■ What you will do ■
Nothing but the lines below from the one holding "Apfelfrucht, Zweig mit" up to and including the one holding "Bottega Veneta Intrecciato" should be copied, exactly and without pictures.

■ Supplied records ■
Segment Open
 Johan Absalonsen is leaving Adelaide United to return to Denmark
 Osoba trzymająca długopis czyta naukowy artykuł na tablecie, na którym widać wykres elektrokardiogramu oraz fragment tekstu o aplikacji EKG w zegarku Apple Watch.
Segment Closed
Segment Open
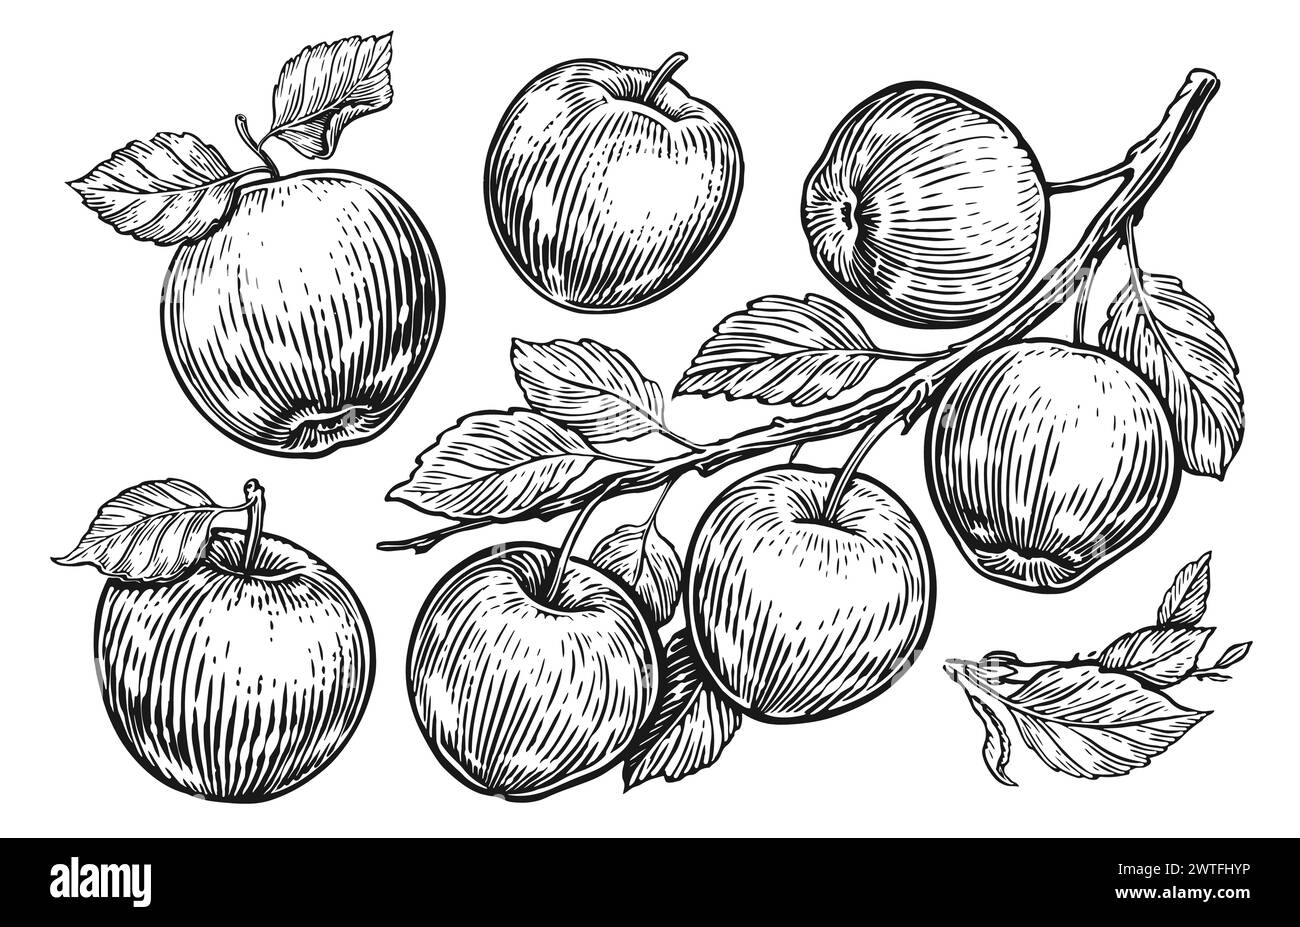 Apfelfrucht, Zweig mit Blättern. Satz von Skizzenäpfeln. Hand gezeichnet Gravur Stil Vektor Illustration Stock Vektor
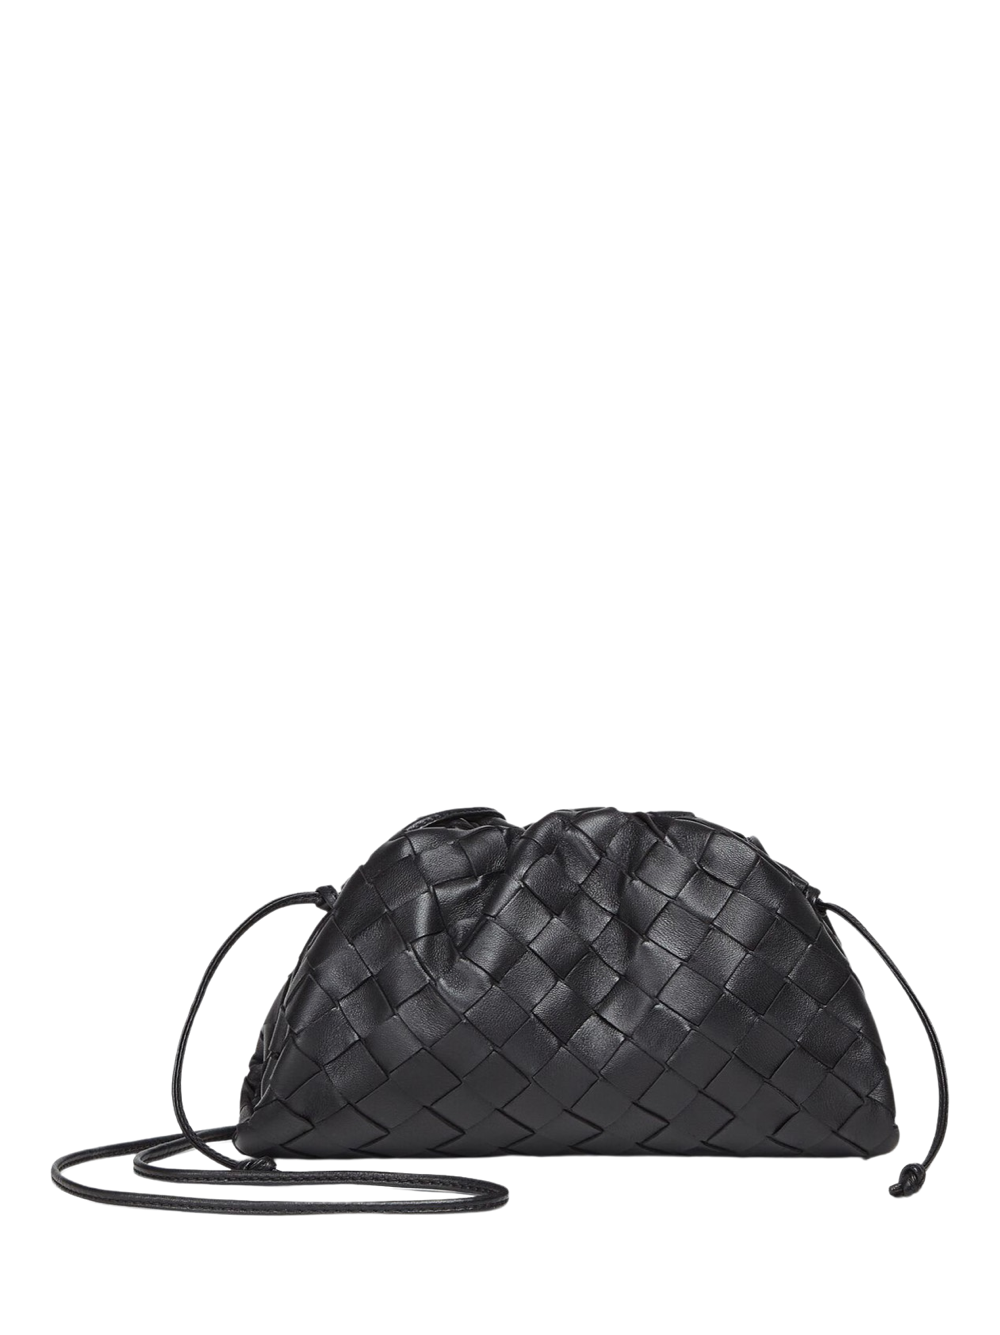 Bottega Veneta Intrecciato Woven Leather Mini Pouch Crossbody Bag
Segment Closed
Segment Open
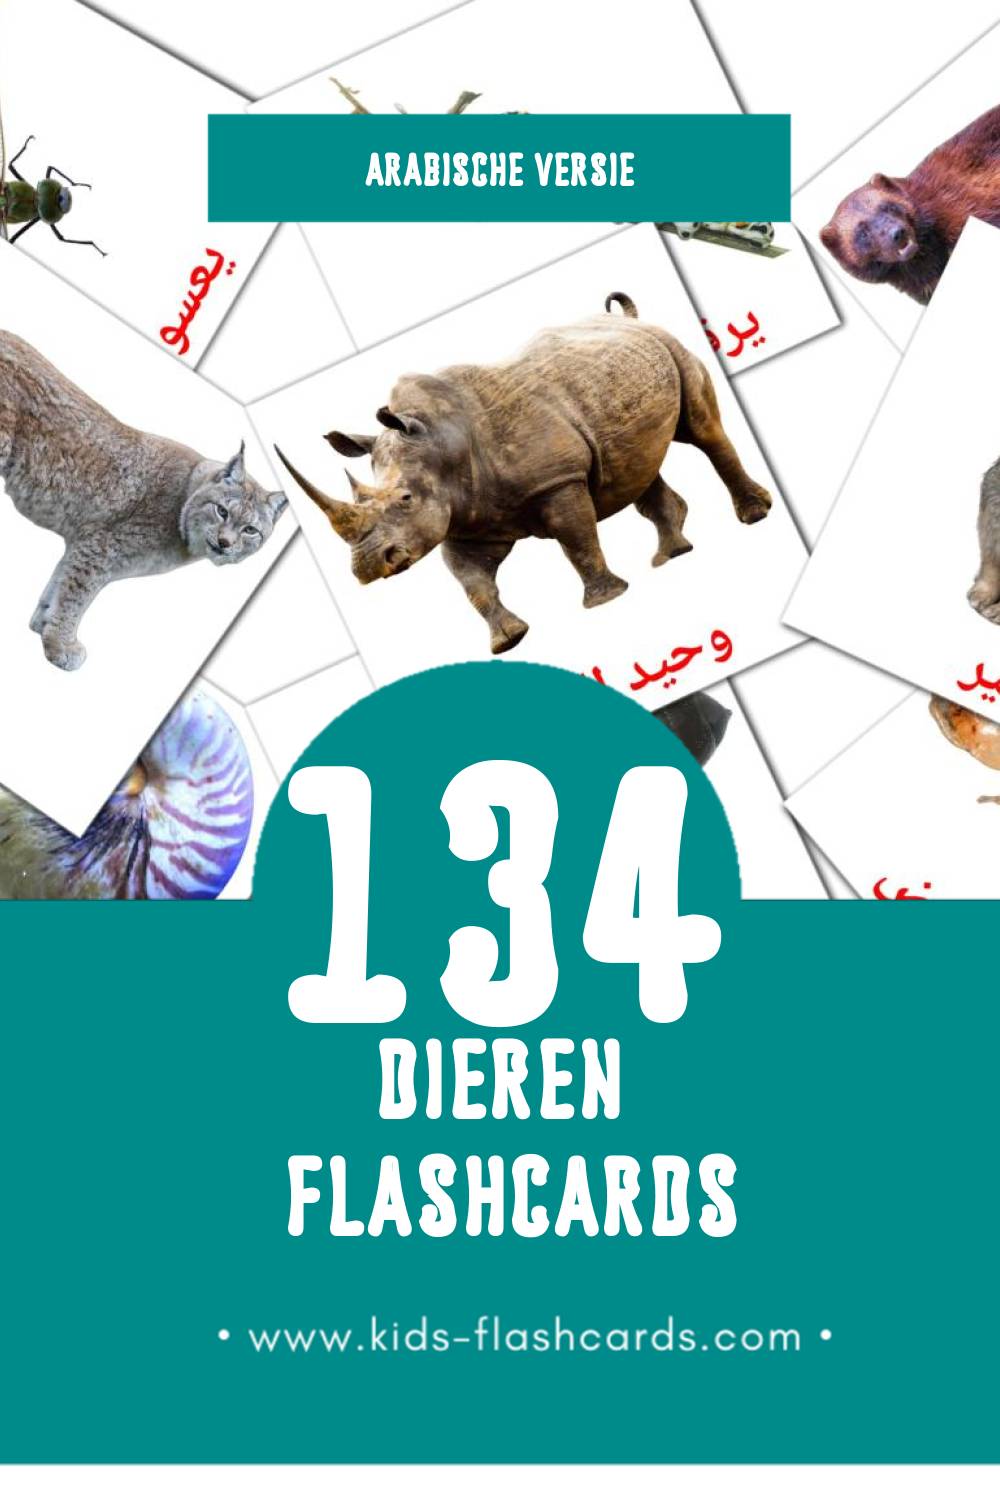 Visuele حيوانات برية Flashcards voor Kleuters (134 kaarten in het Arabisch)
Segment Closed
■ Result for this task ■
 Apfelfrucht, Zweig mit Blättern. Satz von Skizzenäpfeln. Hand gezeichnet Gravur Stil Vektor Illustration Stock Vektor
 Bottega Veneta Intrecciato Woven Leather Mini Pouch Crossbody Bag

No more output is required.